It feels like months since I last wrote in here. I miss this.
A lot has happened. I swear, none of it my fault. Well, kinda. I am proud of myself, because in my darkest moments, I never thought of the blade again. I told you I was done with that. I told myself I am done with that. But, I did something worse.
I disconnected myself from e v e r y t h i n g.
I was cold. So cold. To friends. To Sam. To my brother. To myself. I didn’t care about going to school without looking at myself in the mirror to check if I had bags under my eyes, or if I had bad breath. I didn’t care if I had breakfast… or lunch. I was consuming myself with work. Work. And more work. Applying for another job because I couldn’t just stay home and do nothing.
And that kept going for weeks. Sam noticed it. He didn’t call me yesterday. Or today. He thinks he had enough of my mood swings and the girl I am now, she’s not the “kind and gentle” girl he fell in love with. Was that love? Really? Humiliating me in front of your friends, that is love? Lying to my parents face, was that love? Showing me off like I am some trophy, was that love? I said I forgive you. But you expected me to forget. I’m sorry but I can’t do that. I can’t pretend. And you get pissed off because of that. I hate you for that. Because I don’t know what’s happening next. That’s why I hid my feelings and I hid my heart from you and from everyone.
I had to be selfish. Hurt you before you hurt me.
This relationship is toxic. You even said it. End it. Because I don’t want you to tell your friends I broke up with you again. Make this decision. Be a man and do something for yourself! Gosh, Sam. But this isn’t only about you. This is not for you. My life is not yours. You have no idea what I feel, how I think, or what I will do. So, shut the fuck up.
I hate crying. That will never change. My parents know everything. And they’ve been so supportive. They said “We don’t think you’re crazy, that’s why we are not gonna lock you up.” They said that if I needed to clear my thoughts or I was feeling bad,to tell them immediately, so we can go to the beach for a walk. If I had nightmares, I could go and sleep with them. If I felt the need to harm myself, to let them know, so they can be at my side all the time. And watch a movie. I deserve to be happy and lucky. Well, not luck. But blessed. I deserve that. I deserve love. And friends. And family. And honesty.
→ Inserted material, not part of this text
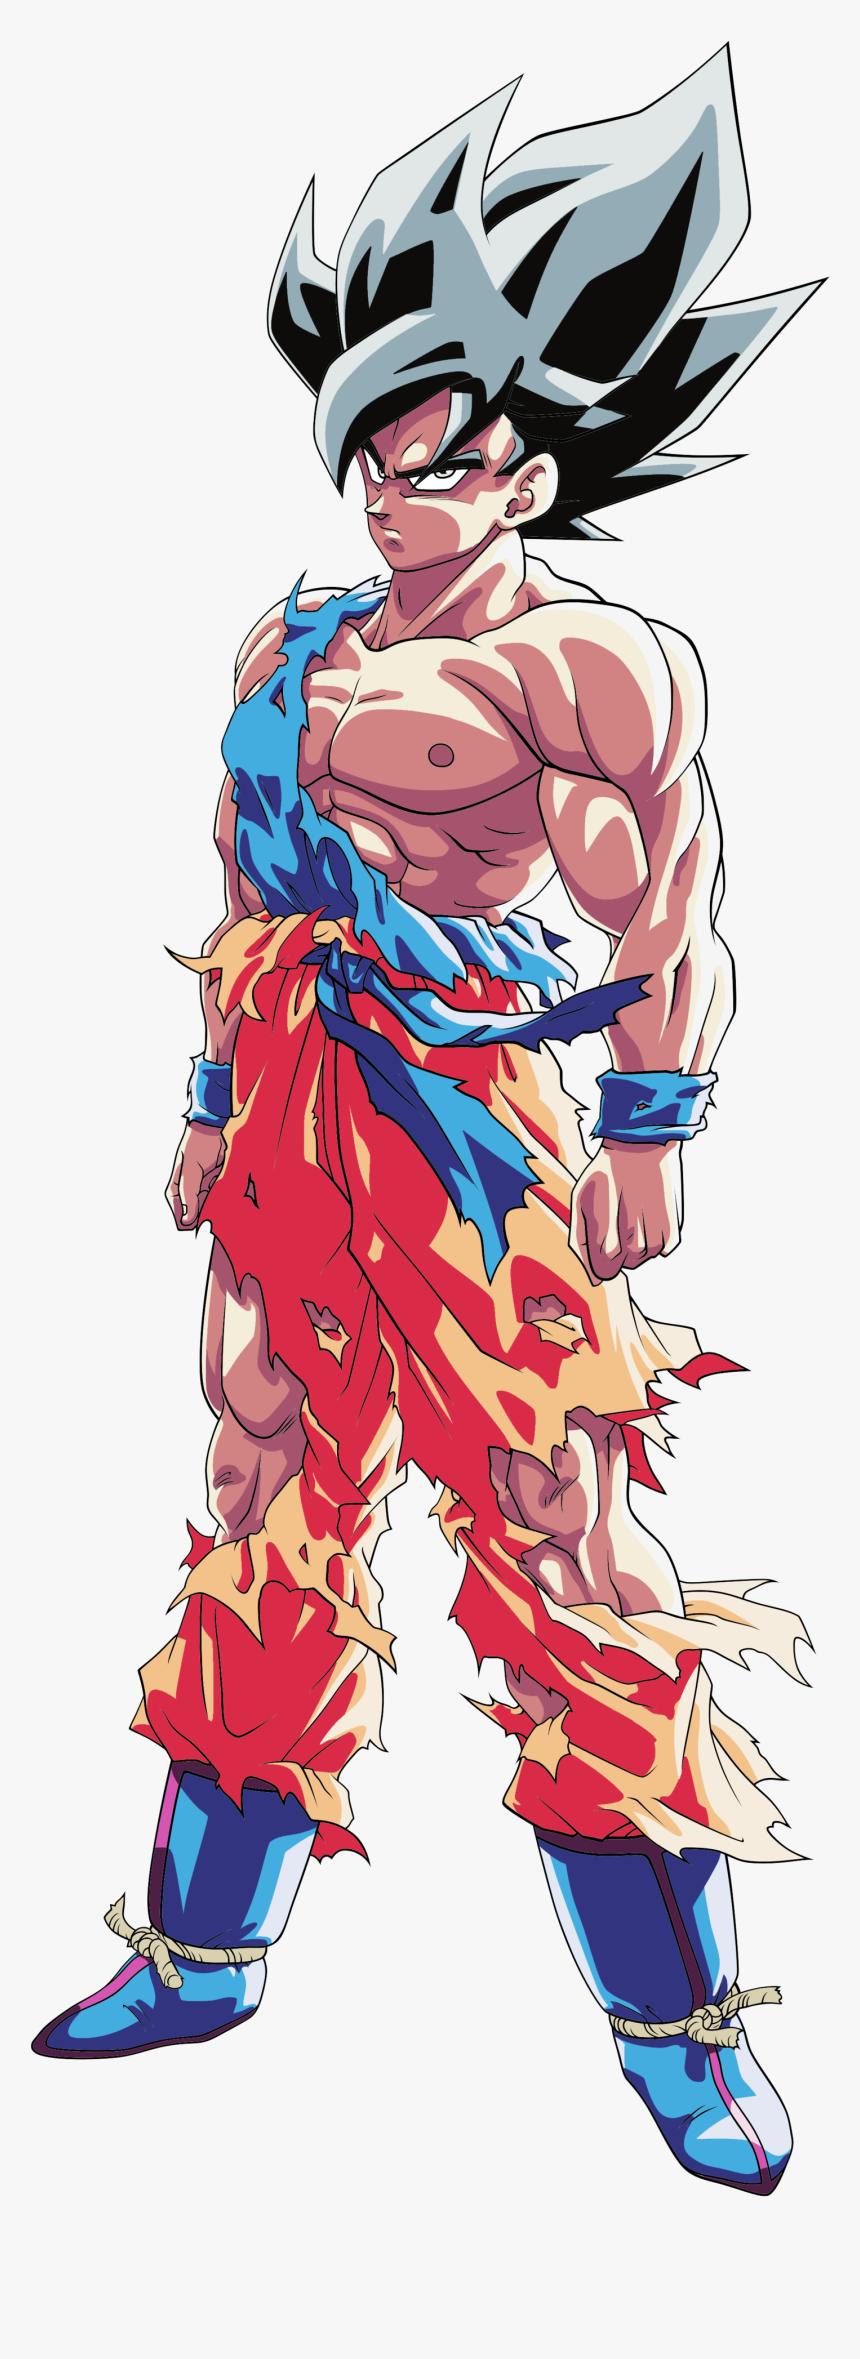 Ultra Instinct Goku Wallpaper Iphone Wallskid Goku Super Saiyan Dbz Hd Png Download Transparent Png Image Pngitem
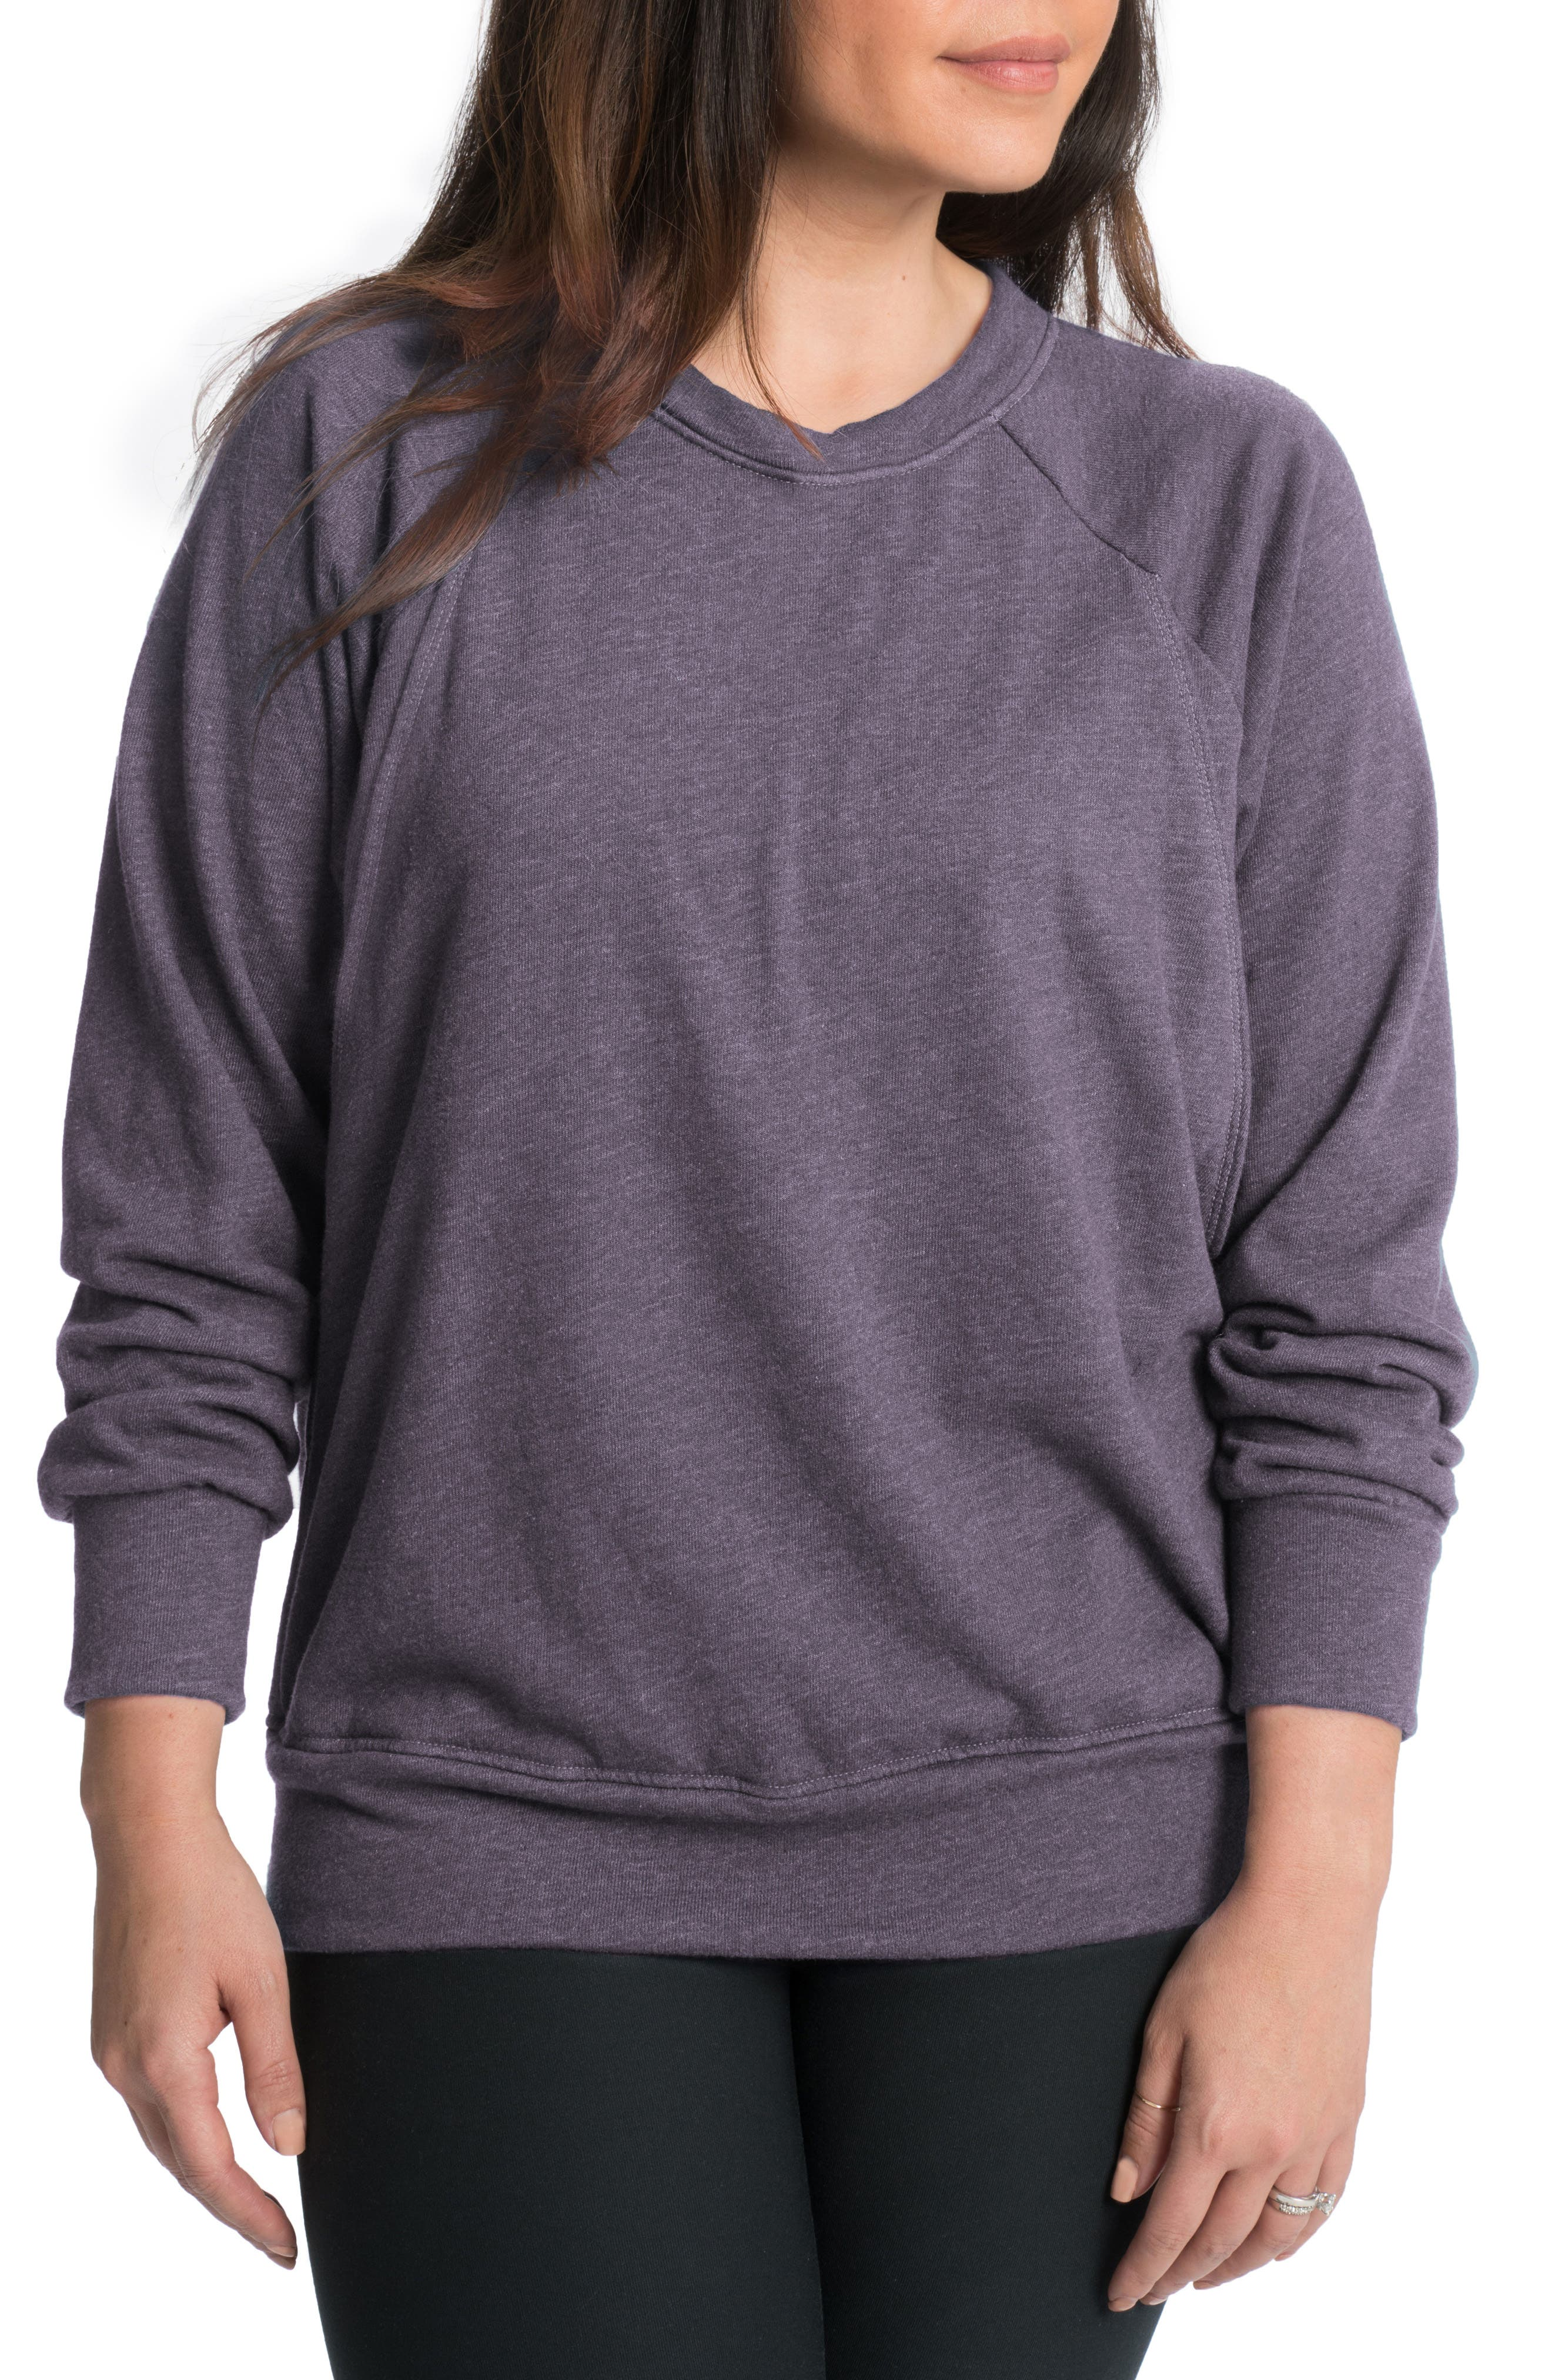 Bun Maternity Relaxed Daily Maternity/Nursing Sweatshirt

Life is great for me now. I wouldn’t say happy. But good for now. My mom listens to me. I can now learn to love myself. My dad bought me a Cherokee. We have to fix it, though. And that will cost me a loot of money ha ha. A Jeep Cherokee Sport from 96.
I got a gift from the library, for checking out so many books I now get $25 gift card for Barnes and Noble. I give her a list of my options and they get them for me the next week.
Guys, free books!
For English class, we had a class assignment about writing a horror story. I got creative and I put lots of detail. The students and my teacher loved it so much that it is going to get published in a school book of the best papers from English class. I say that’s pretty cool. That’s the first time I get critic for my writing and it turned out to be great. Now, I can’t stop w r i t i n g.
More than a lot.
Over the top obsessed.
And… my parents are cool with that. I think.